• Problem description:
Transcribe, starting at the line with "We are delighted" and ending at the line with "A very good", every line of the material below exactly, but leave out the pictures and anything outside that span.

• Dataset excerpts:
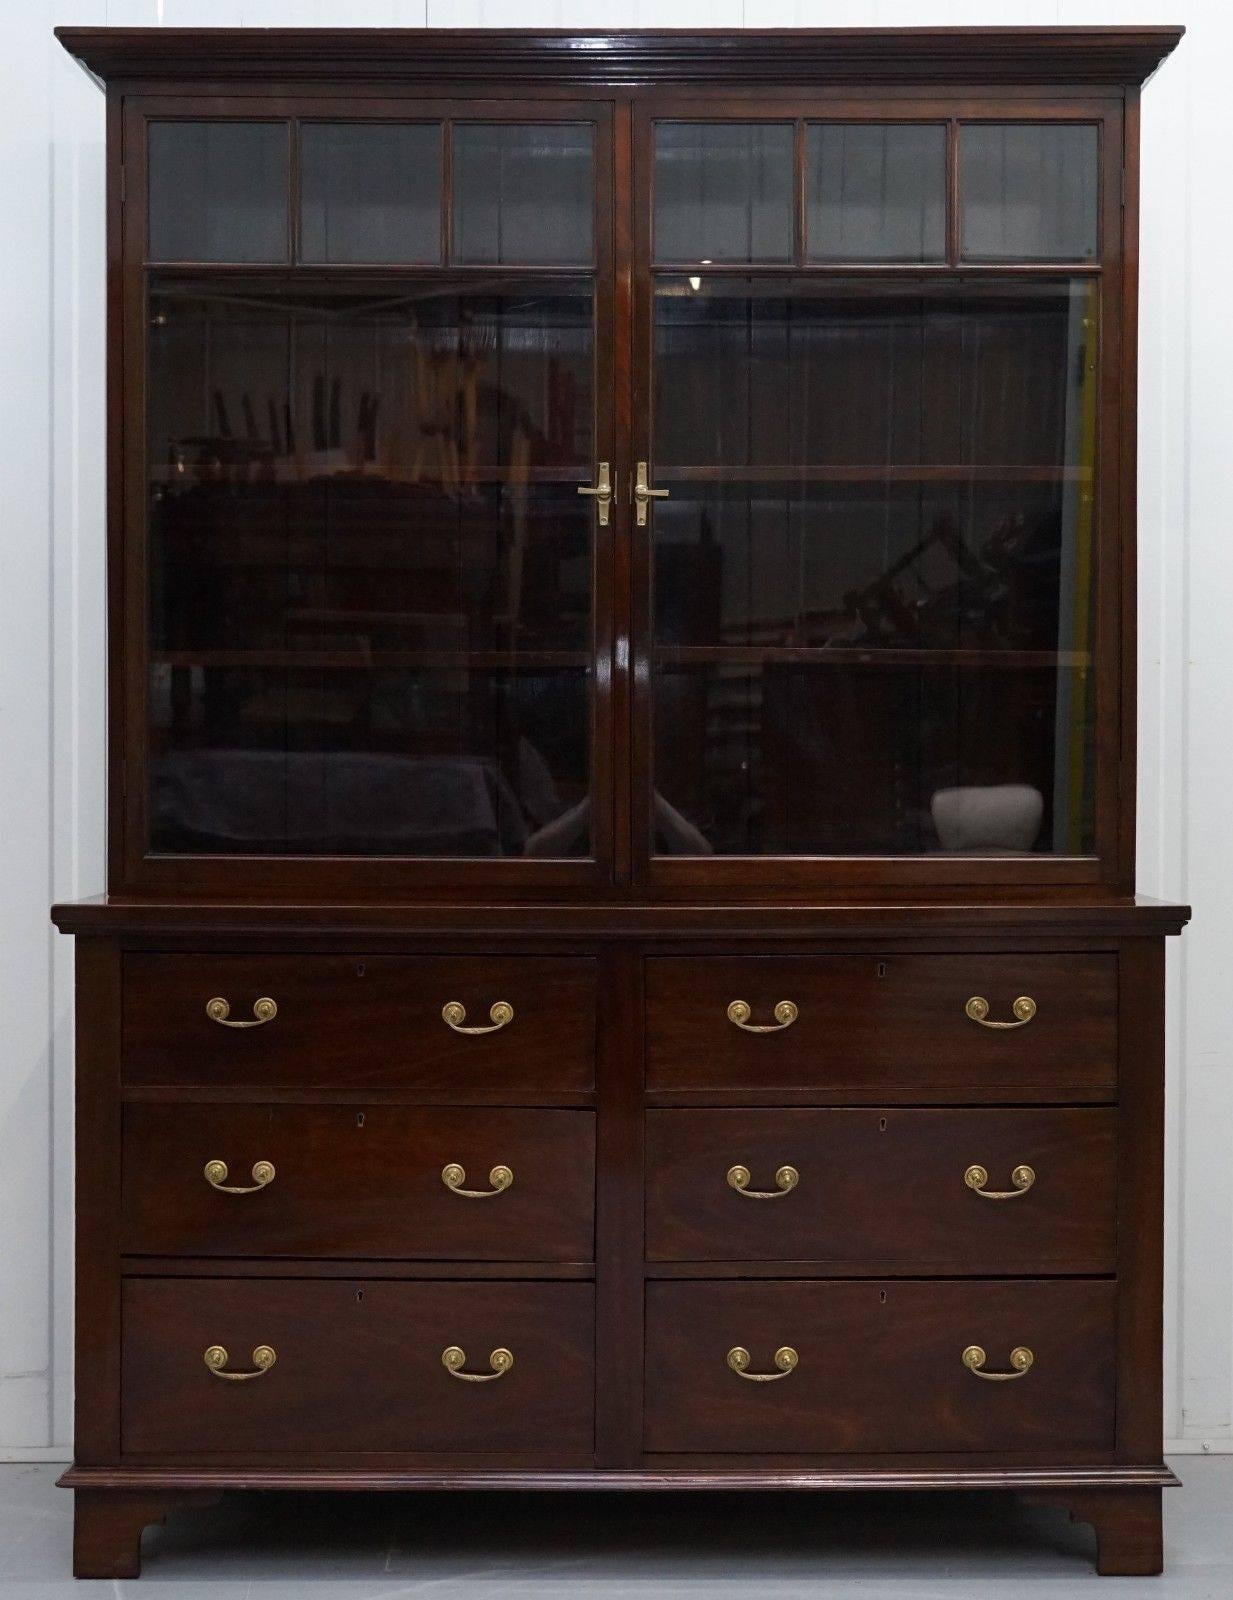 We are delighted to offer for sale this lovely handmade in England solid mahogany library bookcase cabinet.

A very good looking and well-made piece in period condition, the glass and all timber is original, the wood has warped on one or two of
--
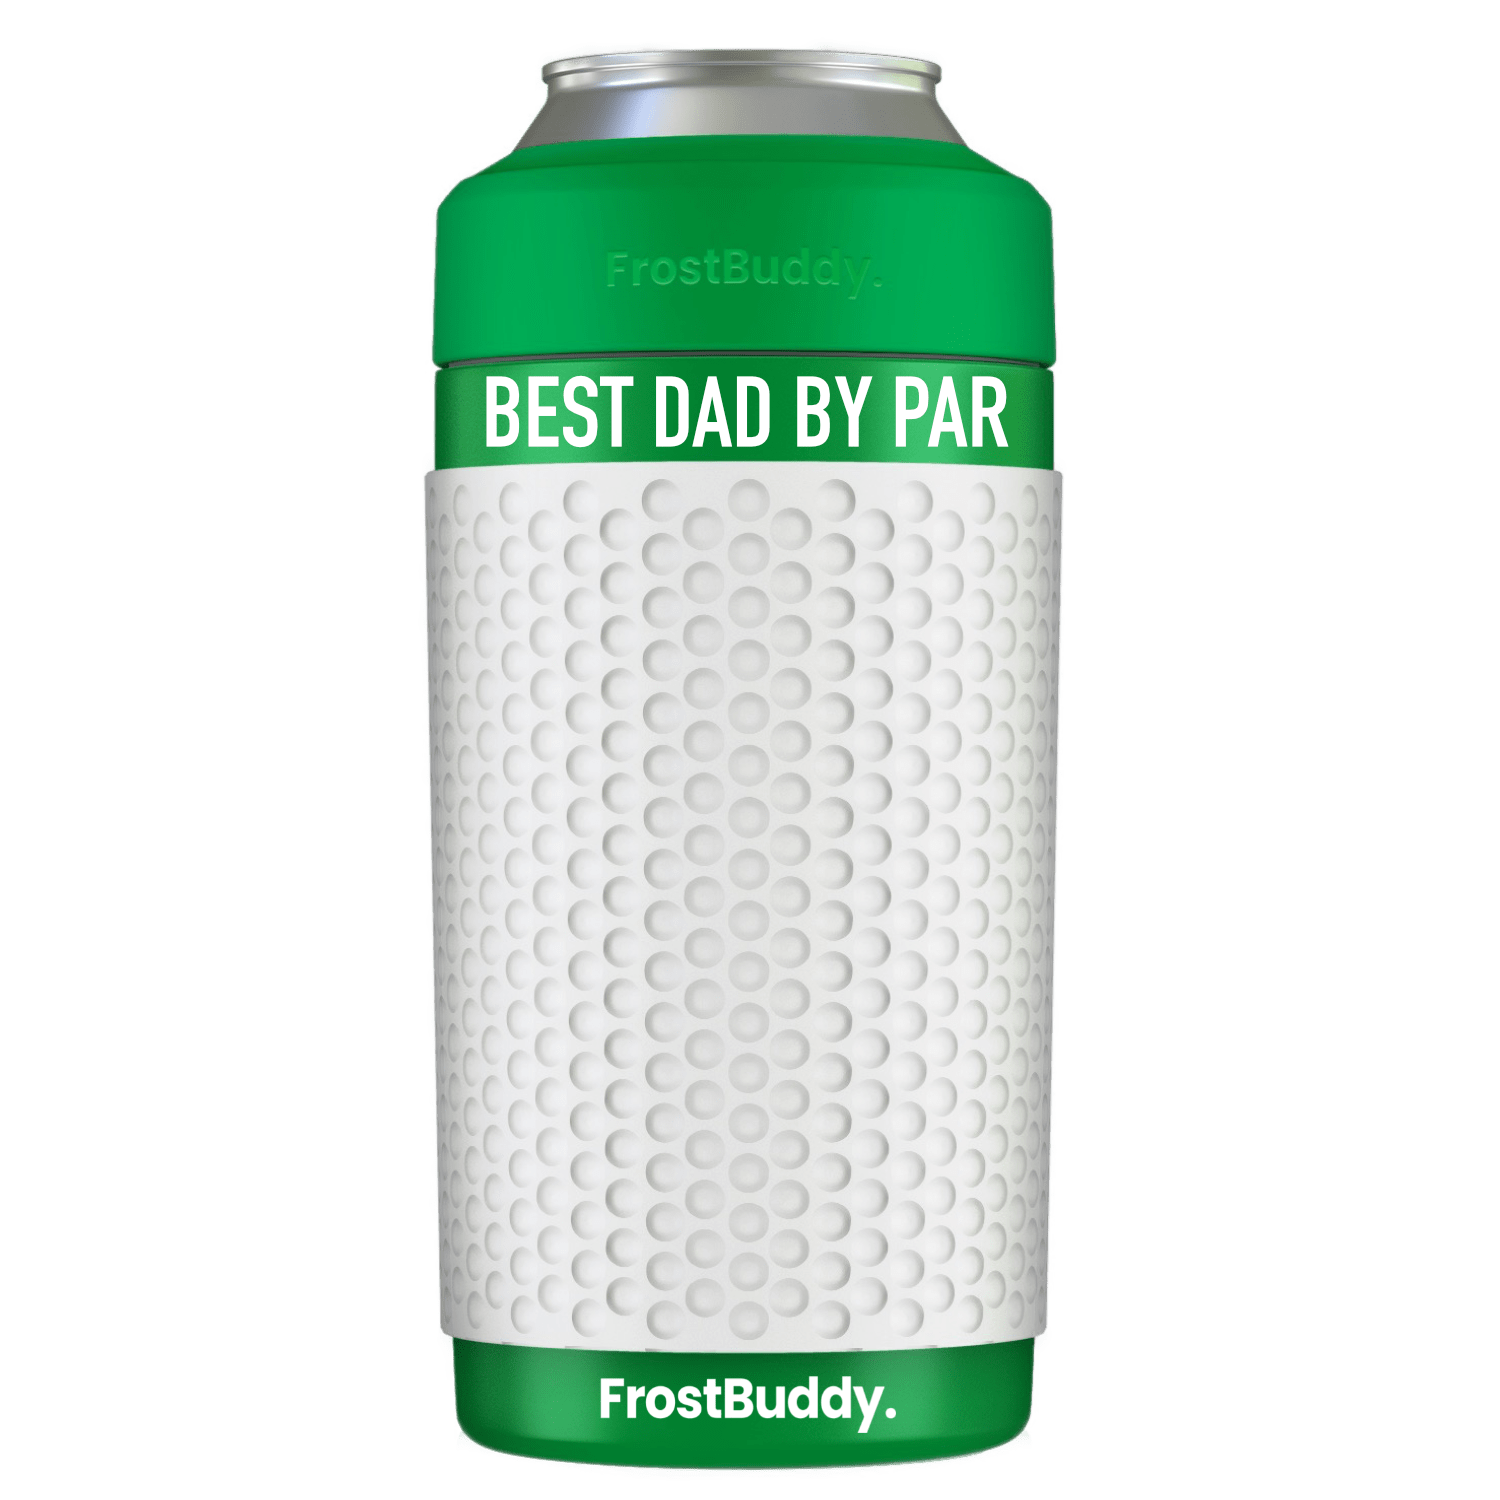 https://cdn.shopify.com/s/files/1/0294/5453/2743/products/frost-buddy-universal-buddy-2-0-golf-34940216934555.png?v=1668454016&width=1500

• Exercise answer:
 We are delighted to offer for sale this lovely handmade in England solid mahogany library bookcase cabinet.

A very good looking and well-made piece in period condition, the glass and all timber is original, the wood has warped on one or two of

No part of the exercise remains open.